### WHAT THE TASK ASKS
Reproduce the listing below character for character; drop every image.

━━━ DATASET EXCERPT

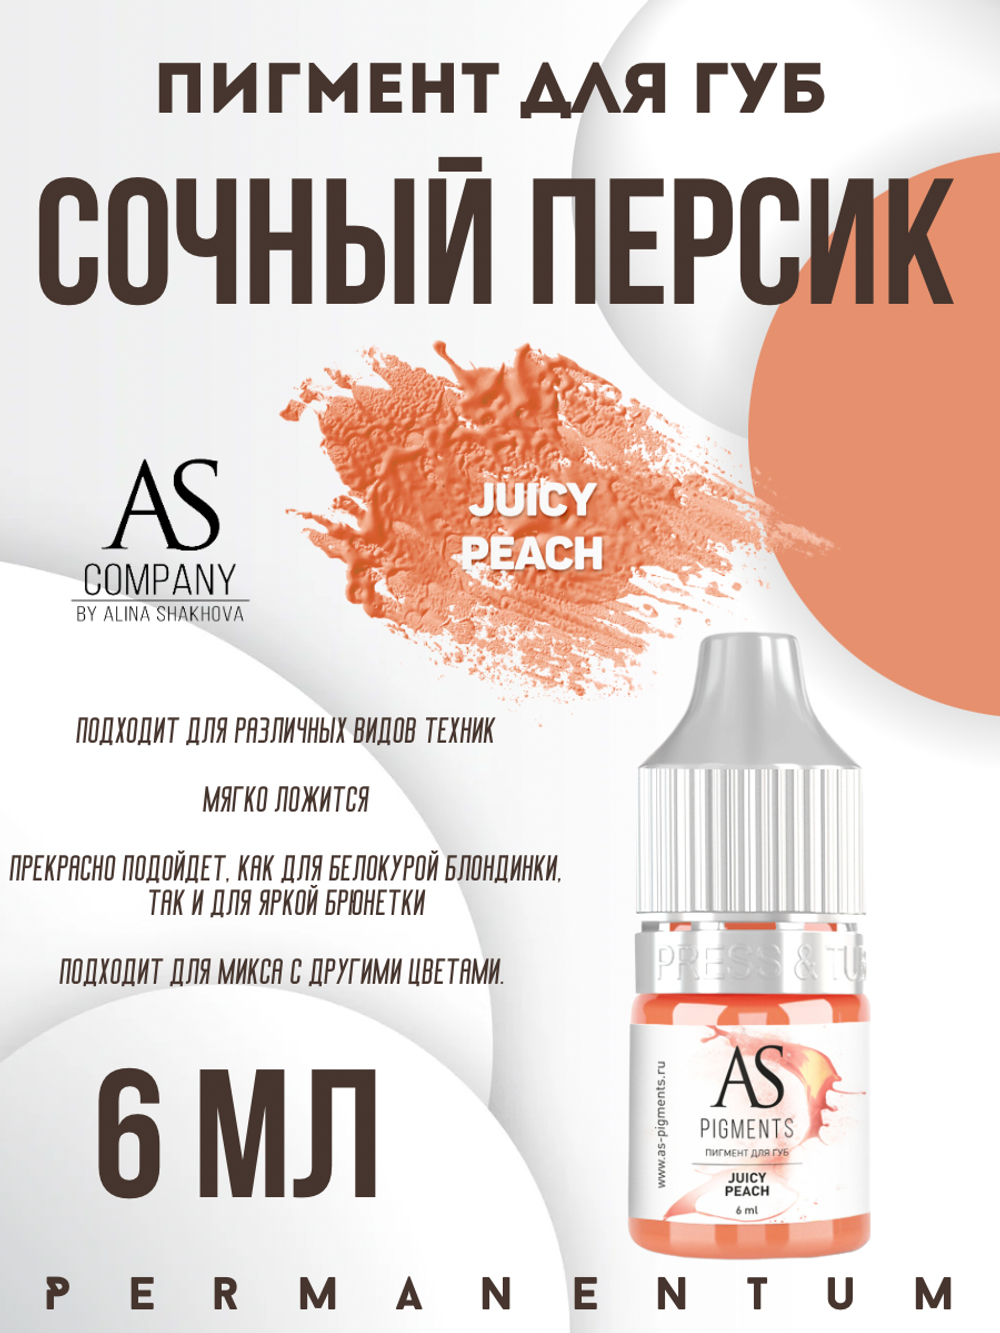 Пигмент для губ Juicy peach (Сочный персик) от Алины Шаховой
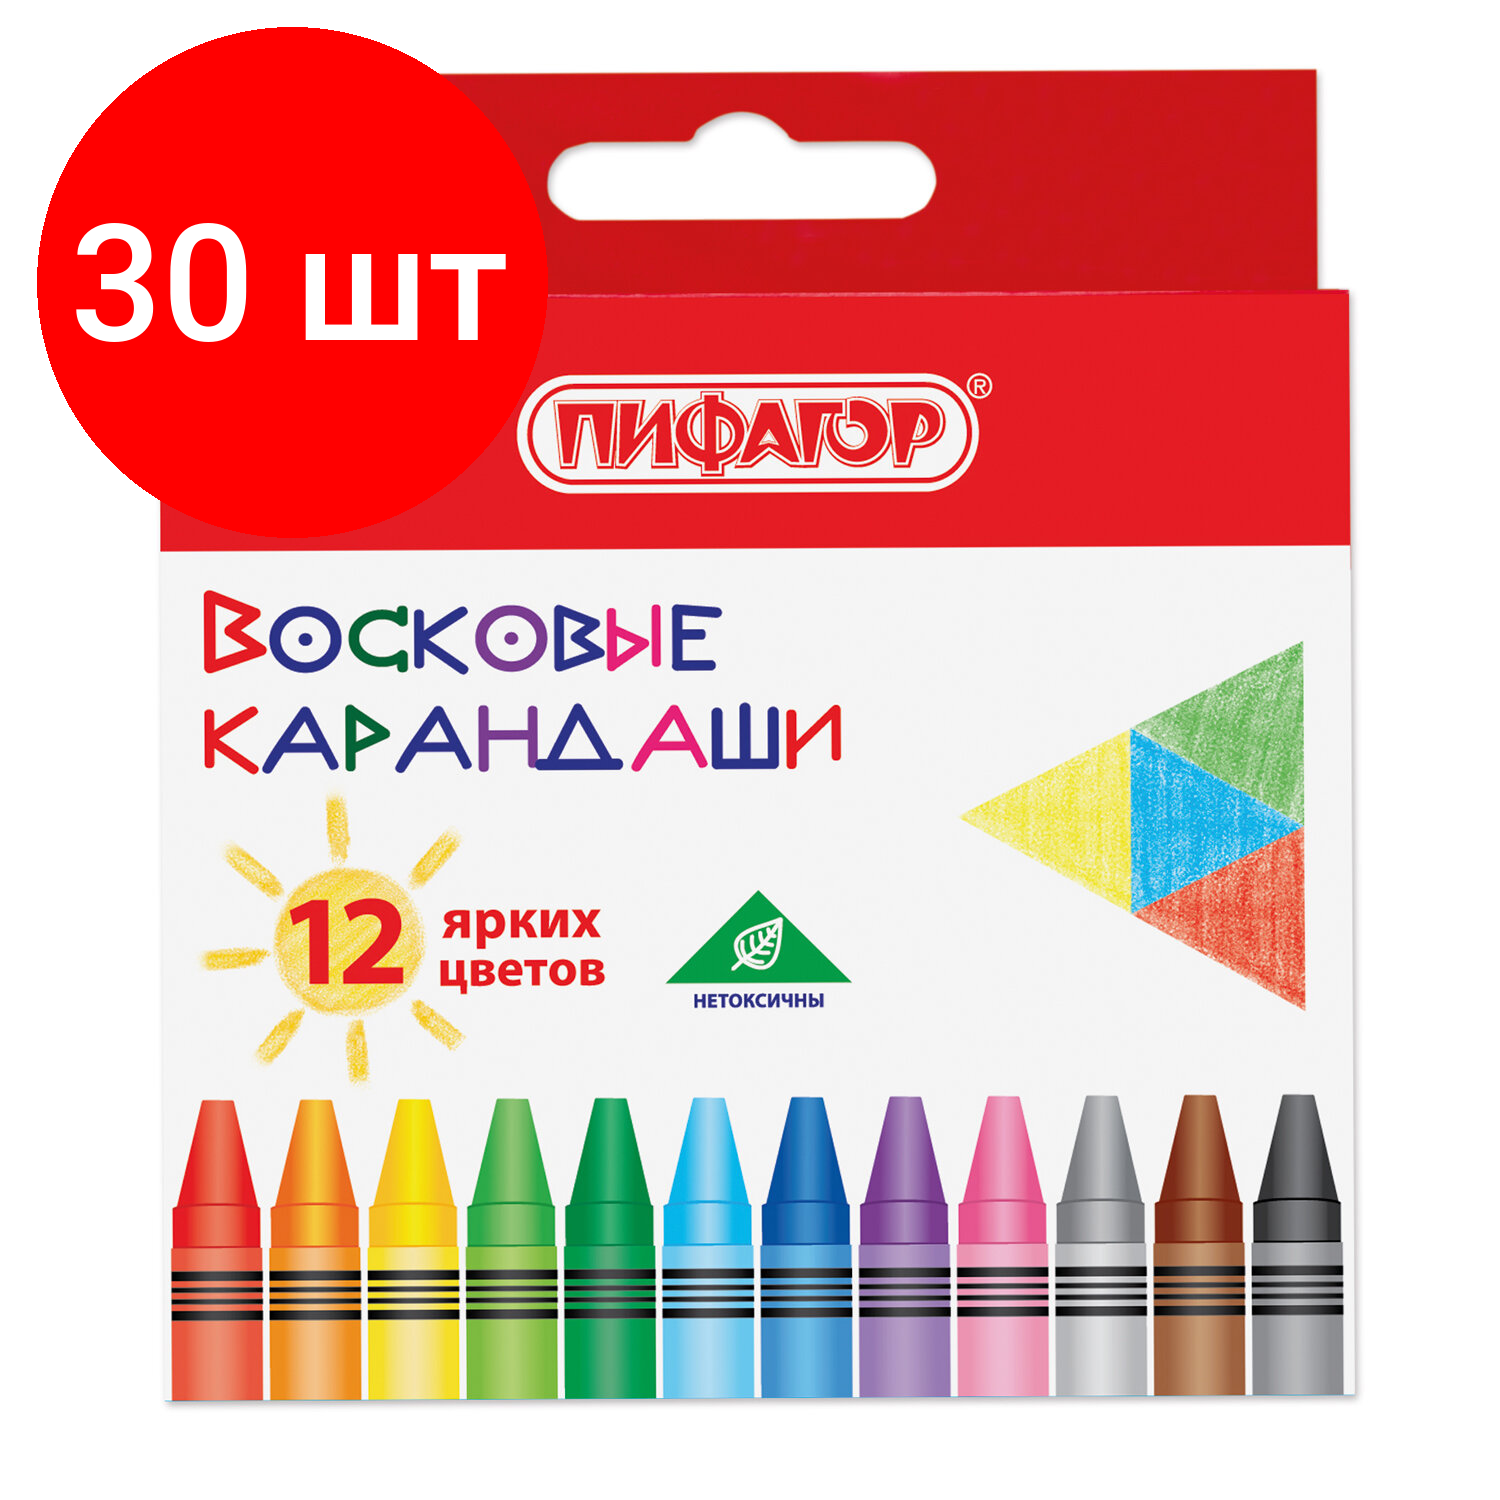 Комплект 30 шт, Восковые карандаши пифагор "солнышко", набор 12 цветов, 227279
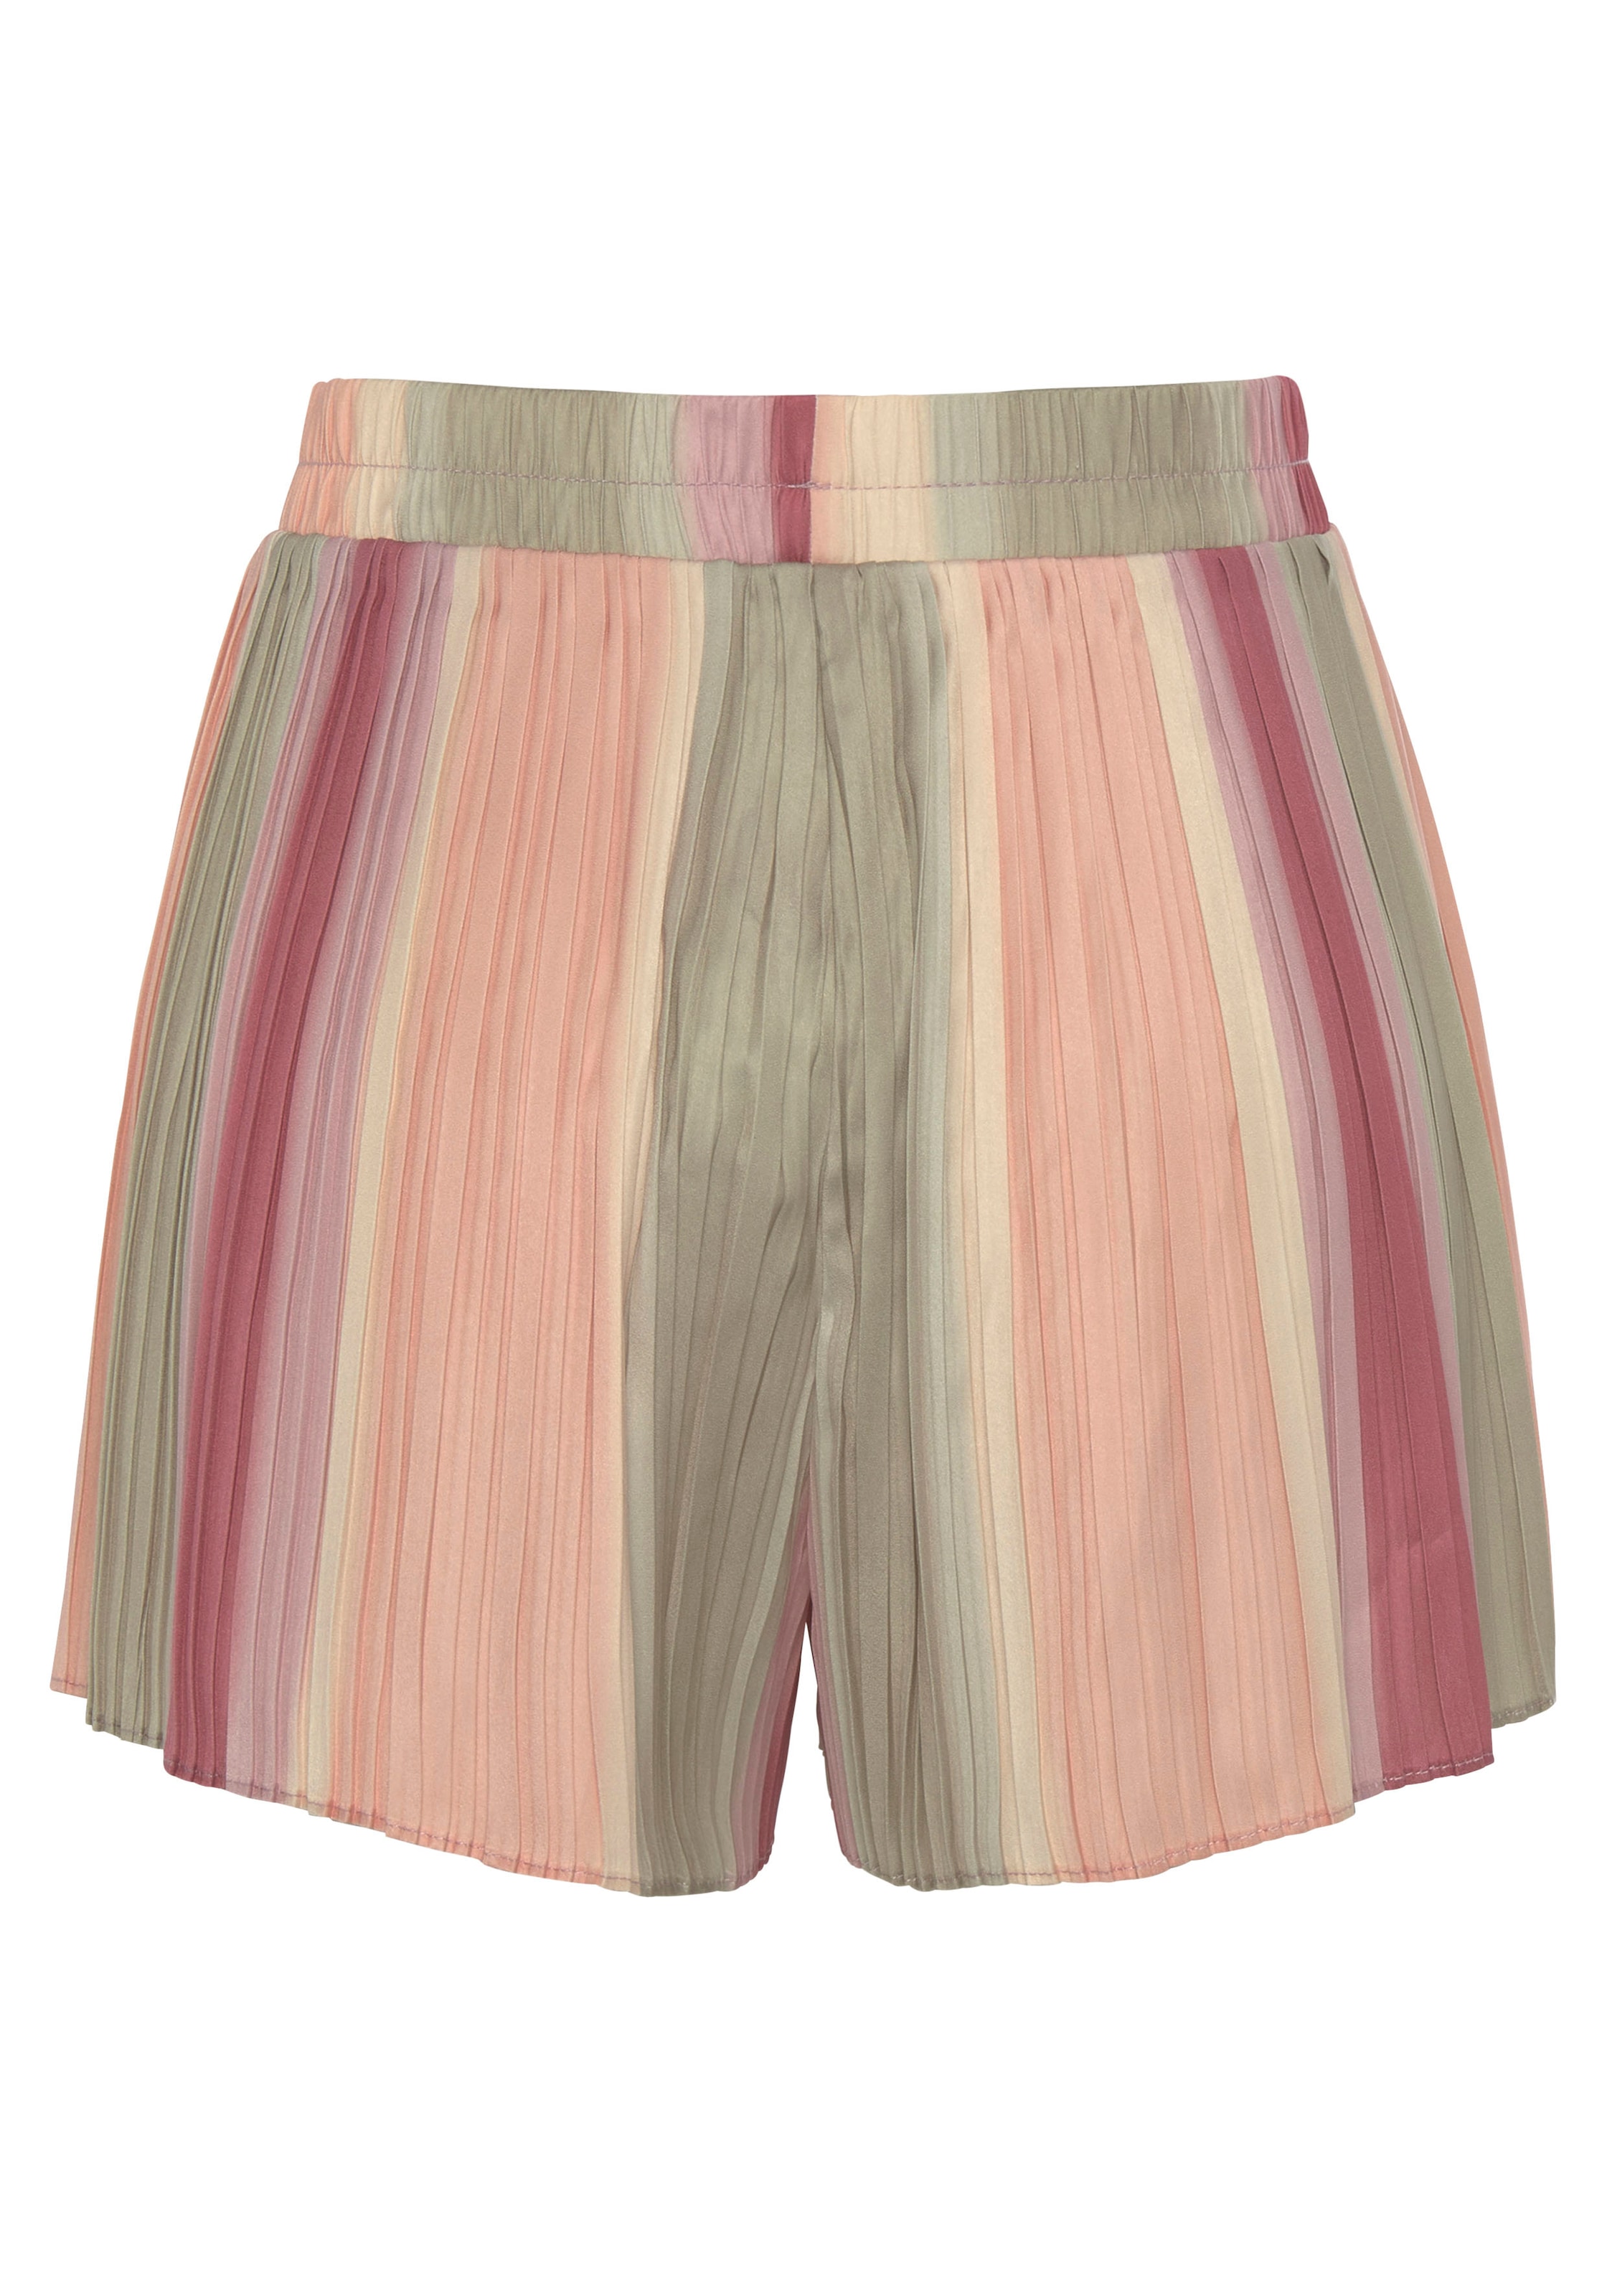 Vivance Shorts, aus Plissee, mit Farbverlauf, leicht glänzend, kurze Hose  online | I'm walking
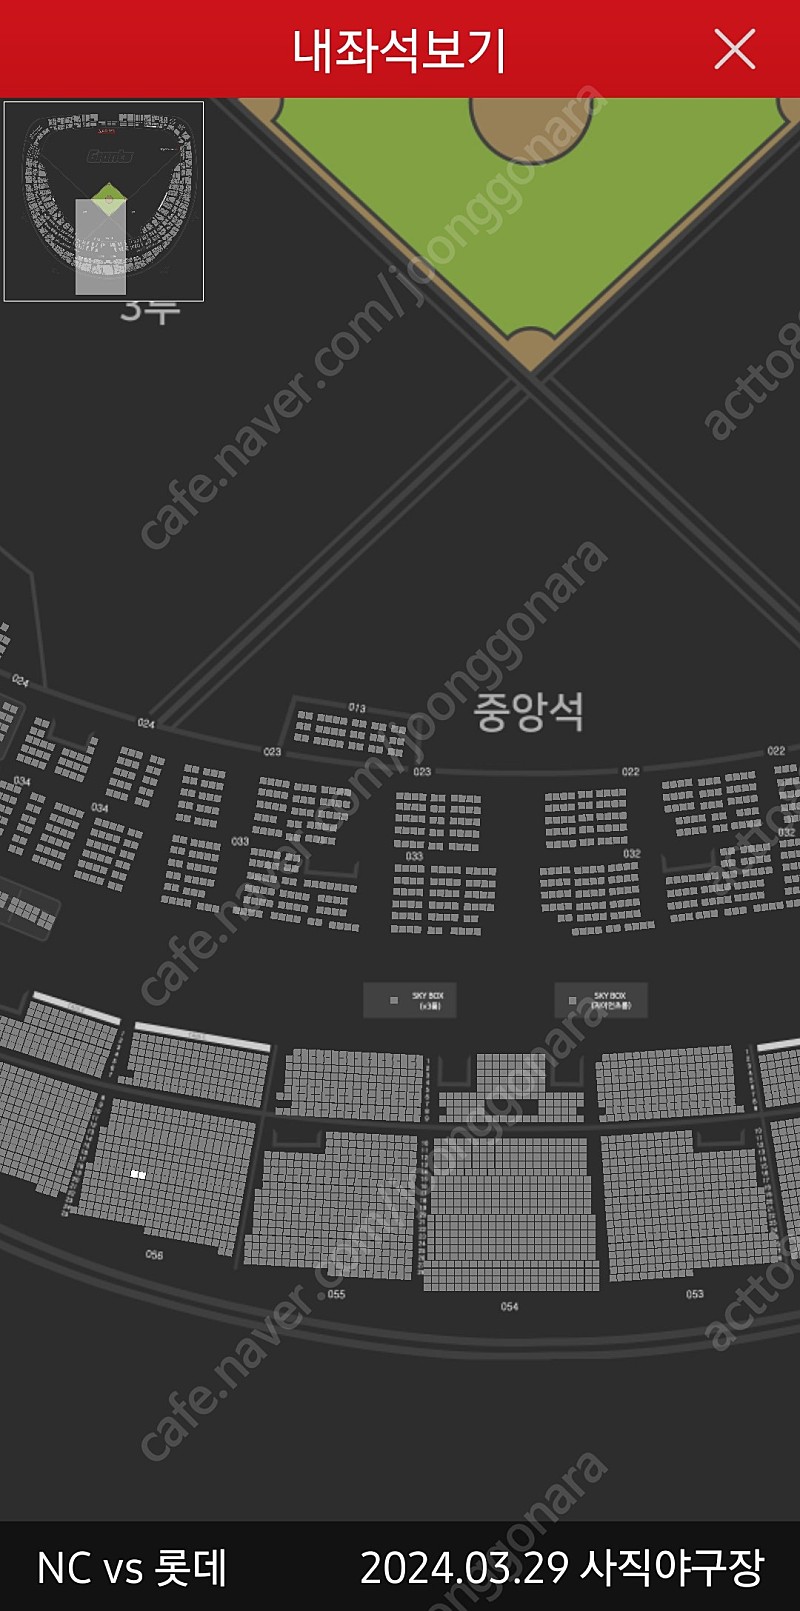 정가양도- 29일(금) 롯데자이언츠 부산 사직 홈개막전 중앙상단석 2연석

━━━━━━

### RESPONSE
 Пигмент для губ Juicy peach (Сочный персик) от Алины Шаховой
 Комплект 30 шт, Восковые карандаши пифагор "солнышко", набор 12 цветов, 227279
 Vivance Shorts, aus Plissee, mit Farbverlauf, leicht glänzend, kurze Hose  online | I'm walking
 정가양도- 29일(금) 롯데자이언츠 부산 사직 홈개막전 중앙상단석 2연석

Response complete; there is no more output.